Então corri até o elevador e desejei com todas as minhas forças que eu encontrasse Allison no meu apartamento. Potencialmente bêbada, depois de todas as doses que a vi virar, mas bem. Assim que as portas metálicas se abriram vi que ela estava lá, tentando sem êxito nenhum colocar a chave a fechadura, xingando baixinho.
- O que você tá tentando fazer?
- Oh, eeeeeei Tyler! Eu tô... – Ela então se encostou à porta de entrada do meu apartamento. Os seus cabelos que antes estavam presos em um coque alto, agora já estavam totalmente soltos, lhe cobrindo os ombros sardentos. – Tentando abrir a sua porta mas ela é meio que impossível. – Completou depois de alguns segundos em silêncio.
- E o que você ia fazer lá? A festa ainda tá rolando lá em cima. Tá tudo bem? – Perguntei apoiando a lateral do meu corpo no batente da porta. Ally imitou o movimento e se virou para mim.
- Eu lembrei que deixei meu celular lá dentro.
- E pra quem você ia ligar? – Não sei se era culpa da bebida mas ela parecia ainda mais bonita naquela noite. Coisa que eu achava que não seria possível.

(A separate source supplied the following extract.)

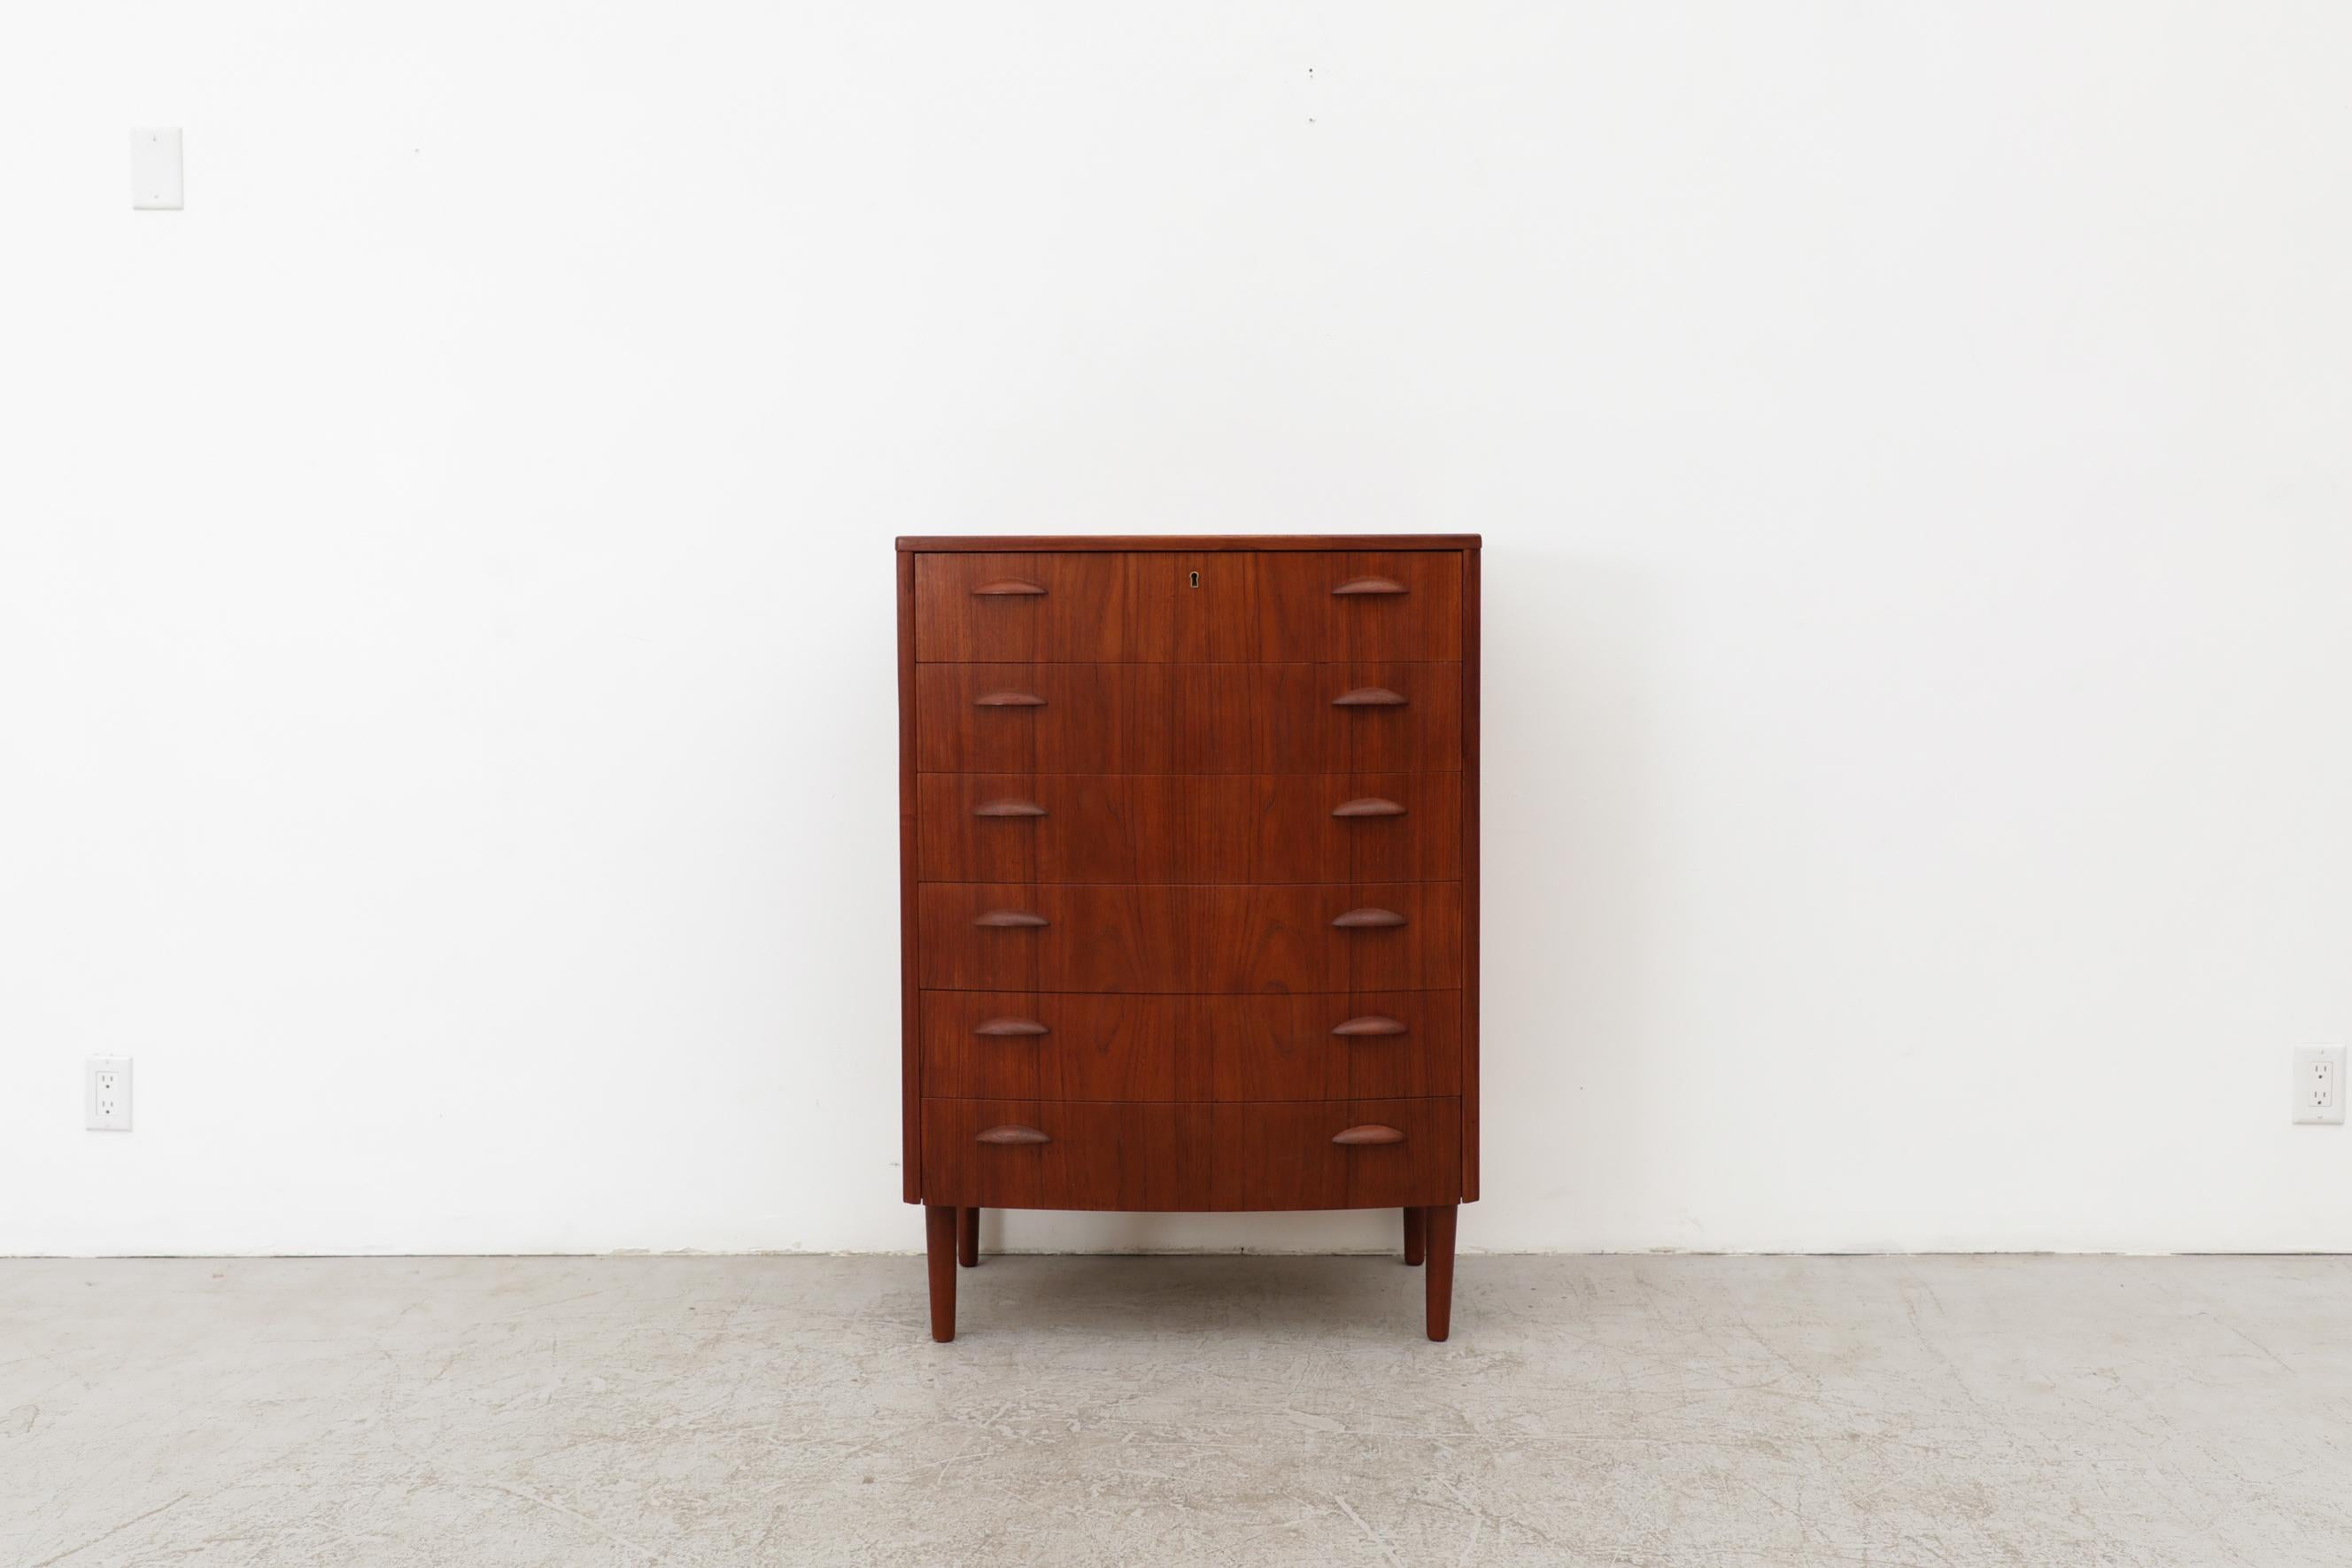 Kai Kristiansen inspired Danish teak 6-drawer tall dresser with continuous grain, organic carved hand pulls and short tapered legs. In original condition with some very light scratches and signs of wear, consistent with its age and use. Other tall

- Pra ninguém, eu só... Esquece. – Ally disse balançando a cabeça e indo em direção ao elevador parado naquele andar.
- Ei, volta aqui. – E a puxei pela mão de volta ao lugar onde estávamos antes de passar meus braços pela sua cintura. Eu sabia que ela estava pensando no ex. – Deixa isso pra lá ok? Se quiser a gente pode conversar. – Ela apenas negou de cabeça baixa enquanto brincava com os cordões do agasalho que eu vestia – Quer voltar lá pra cima? – Perguntei levantando seu queixo delicadamente. Eu nunca antes tinha visto seus olhos tão de perto e me perguntei se eles sempre foram lindos daquele jeito.
- Aham. – Allison disse encostando seu rosto em meu peito e largando os braços ao lado do corpo como se estivessem pesados demais. Entramos abraçados no elevador. Meu braço direito envolvendo os ombros dela e seu braço esquerdo fazendo carinho nas minhas costas. Quando estávamos quase chegando ao terraço, com a cabeça ainda apoiada no meu peito ela disse: - Feliz aniversário grandão.
Agradeci com um beijo no topo de sua cabeça enquanto a apertava o mais junto de mim que conseguia. Não era difícil dizer que aquele estava sendo meu melhor aniversário até o momento, e não, não era coisa da bebida. Era coisa de Allison.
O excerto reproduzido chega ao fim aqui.